**Work instruction**
For the material below, the expected output is exactly the lines between the line holding "Black Suede Slingback" and the line holding "Paperbag Cotton &", inclusive, with pictures left out.

**The input**
★ ★ ★

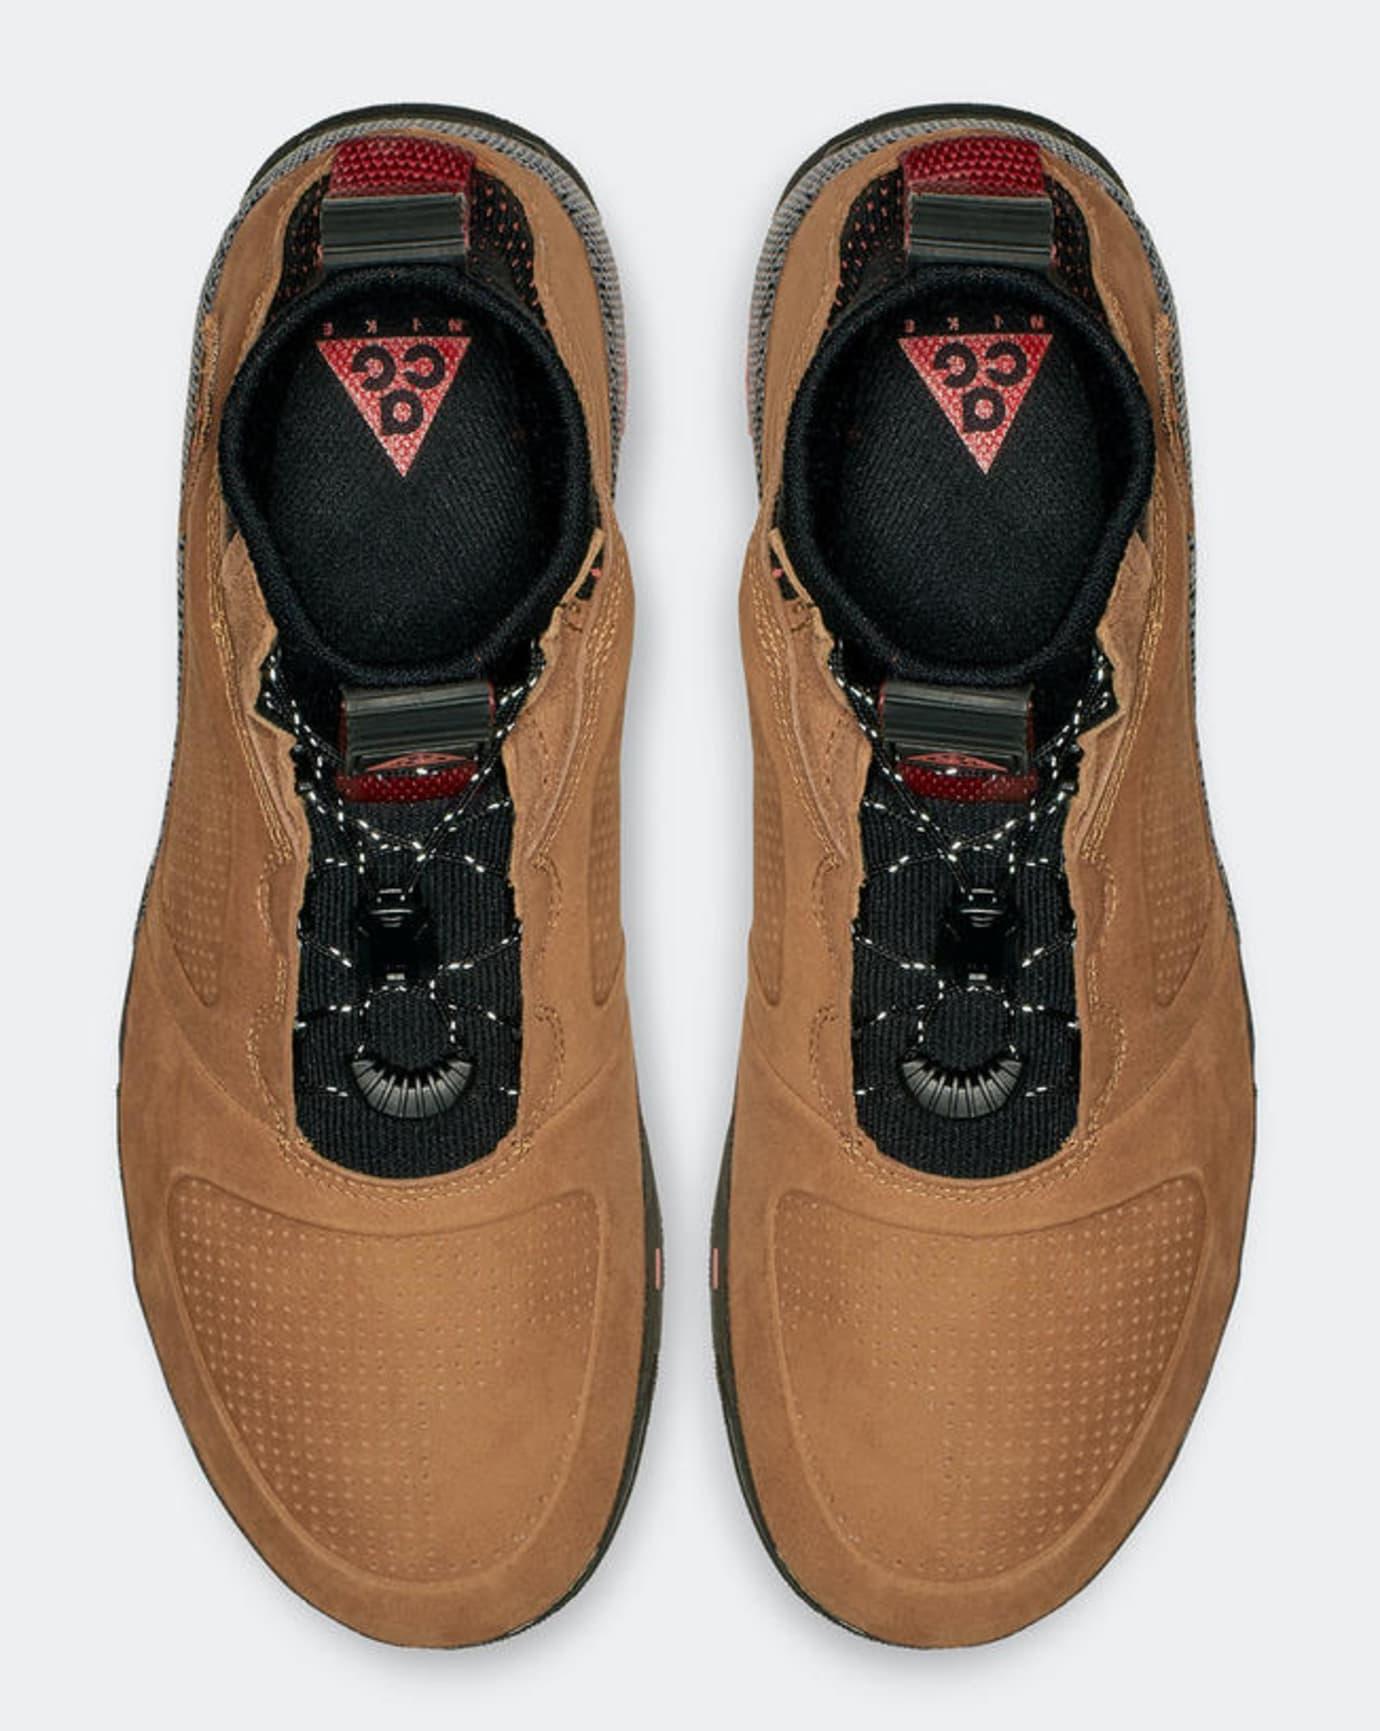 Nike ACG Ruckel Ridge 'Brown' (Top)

★ ★ ★

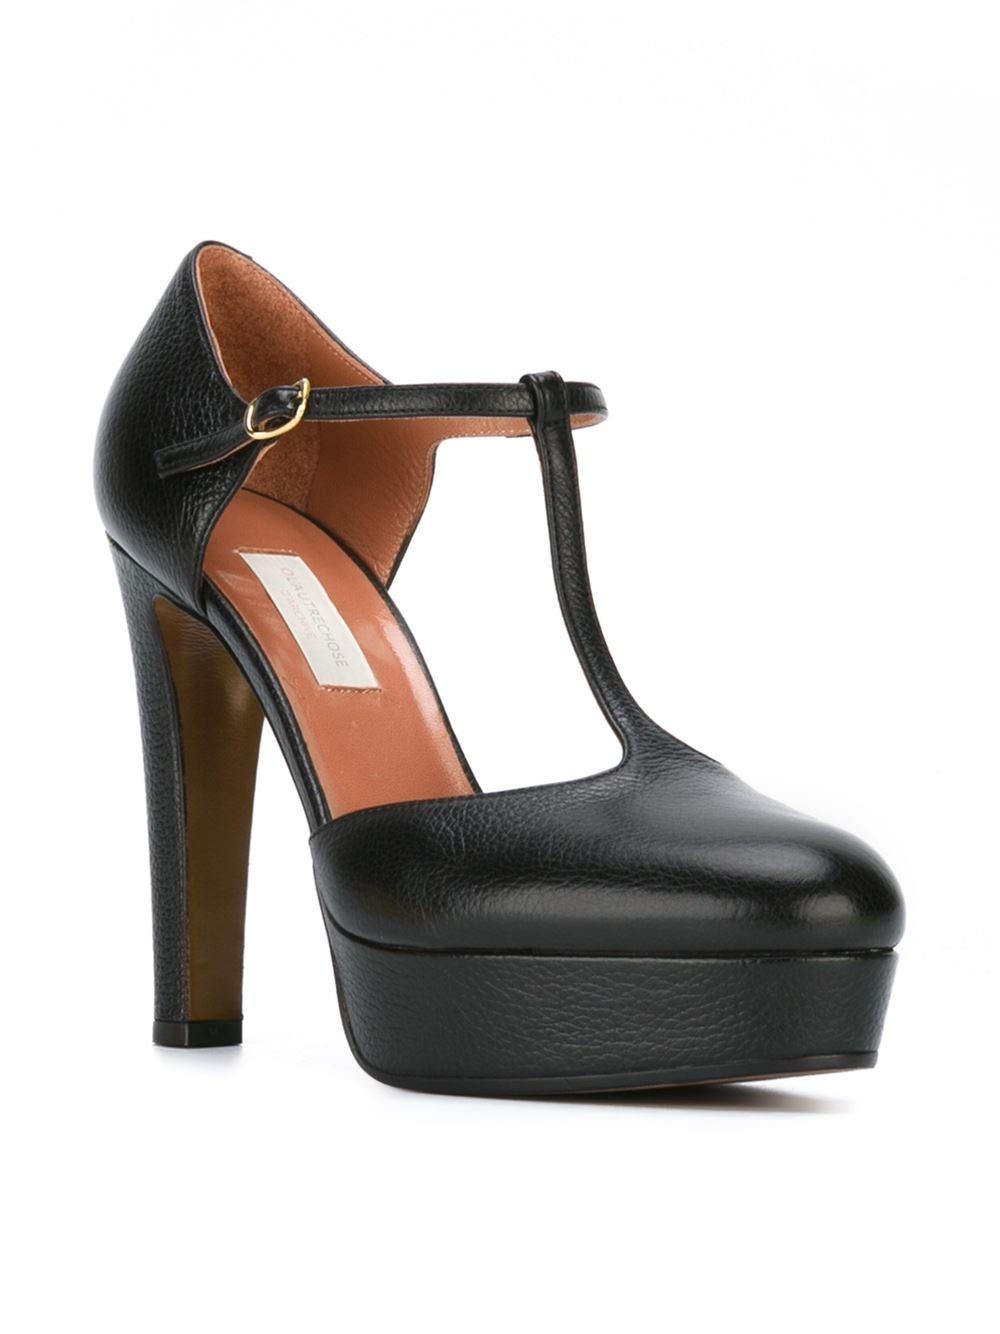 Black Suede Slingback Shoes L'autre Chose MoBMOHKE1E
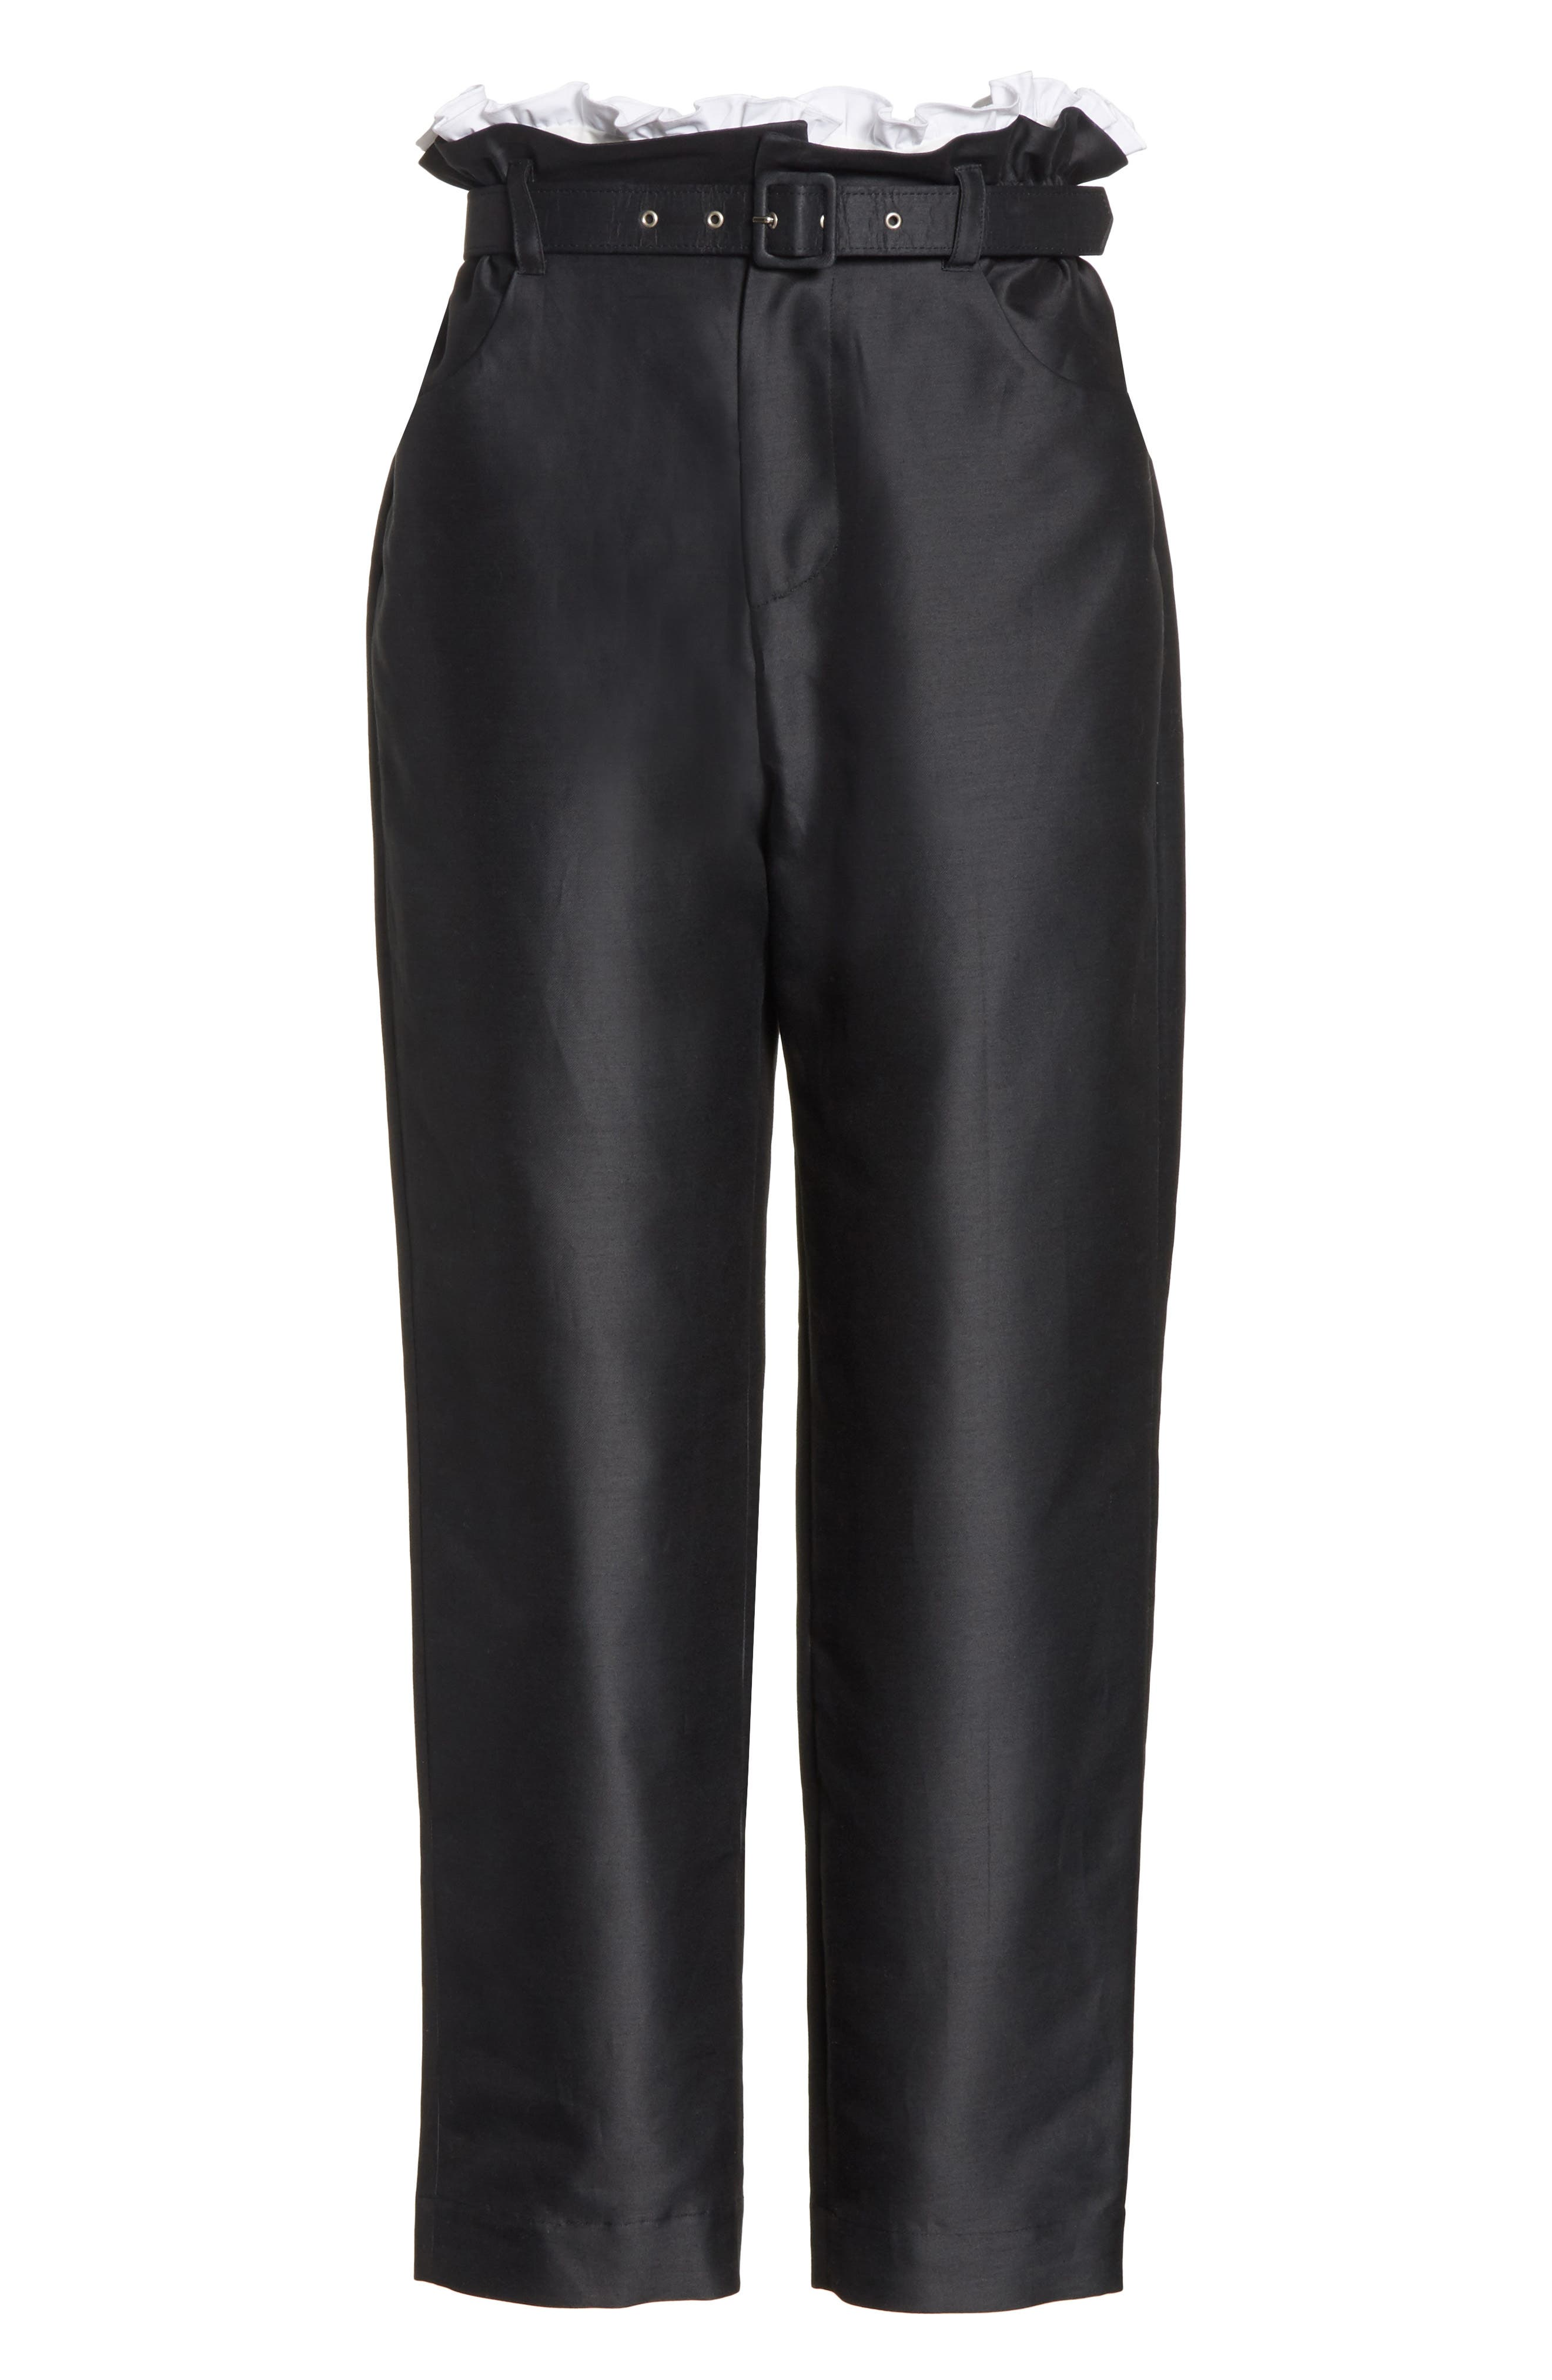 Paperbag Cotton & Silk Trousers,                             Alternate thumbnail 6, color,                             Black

★ ★ ★

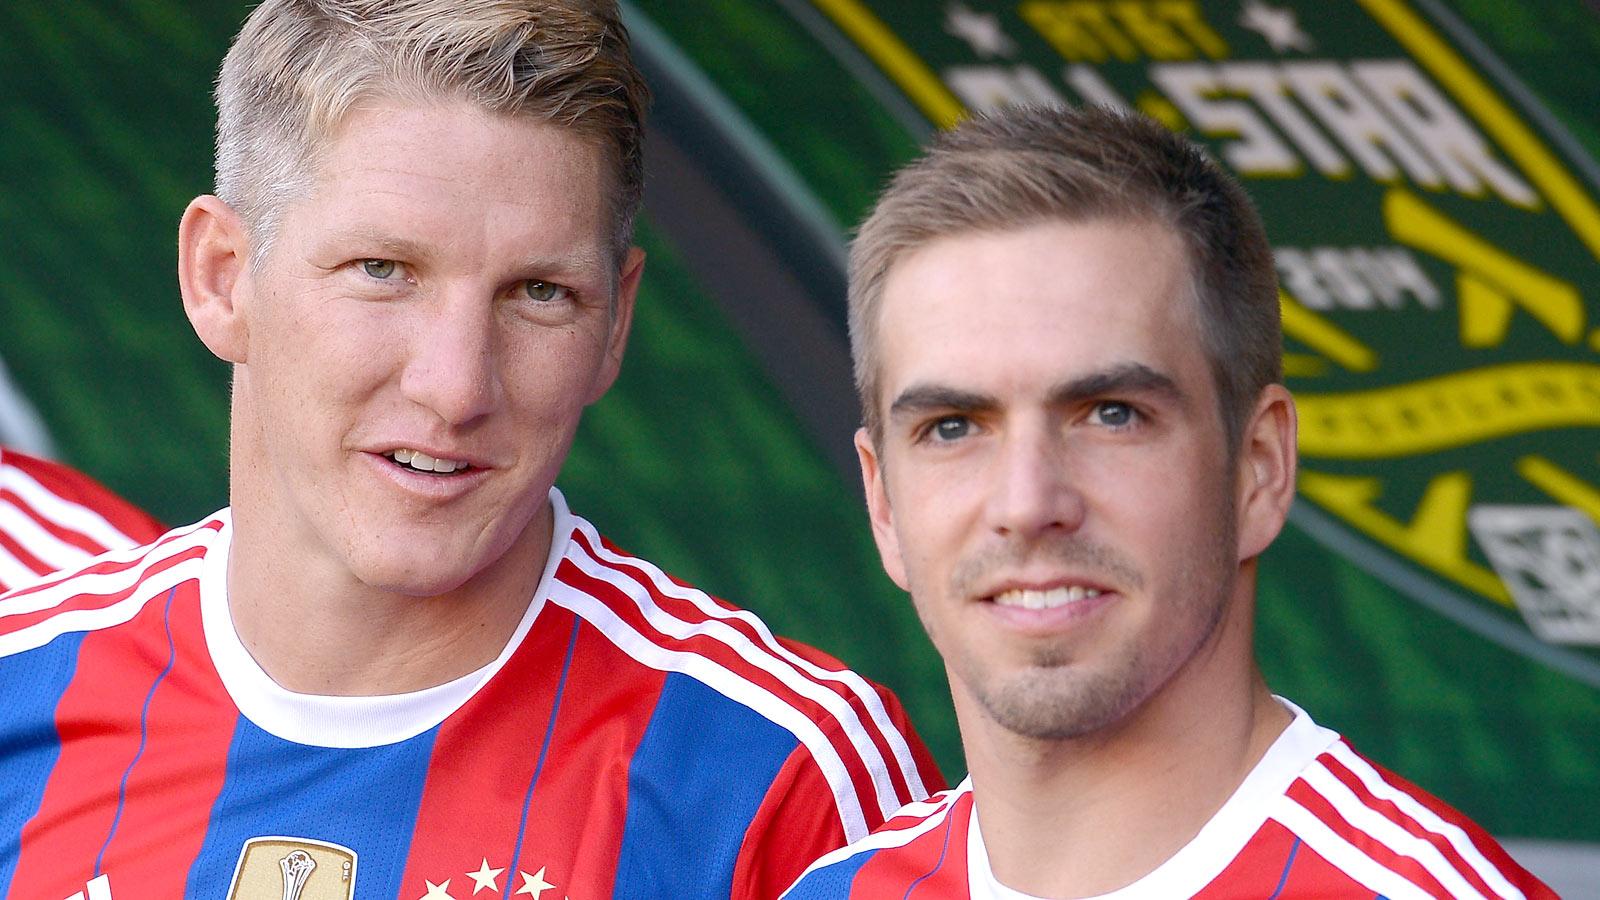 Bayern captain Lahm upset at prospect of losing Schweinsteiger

★ ★ ★

**Expected answer**
 Black Suede Slingback Shoes L'autre Chose MoBMOHKE1E
 Paperbag Cotton & Silk Trousers,                             Alternate thumbnail 6, color,                             Black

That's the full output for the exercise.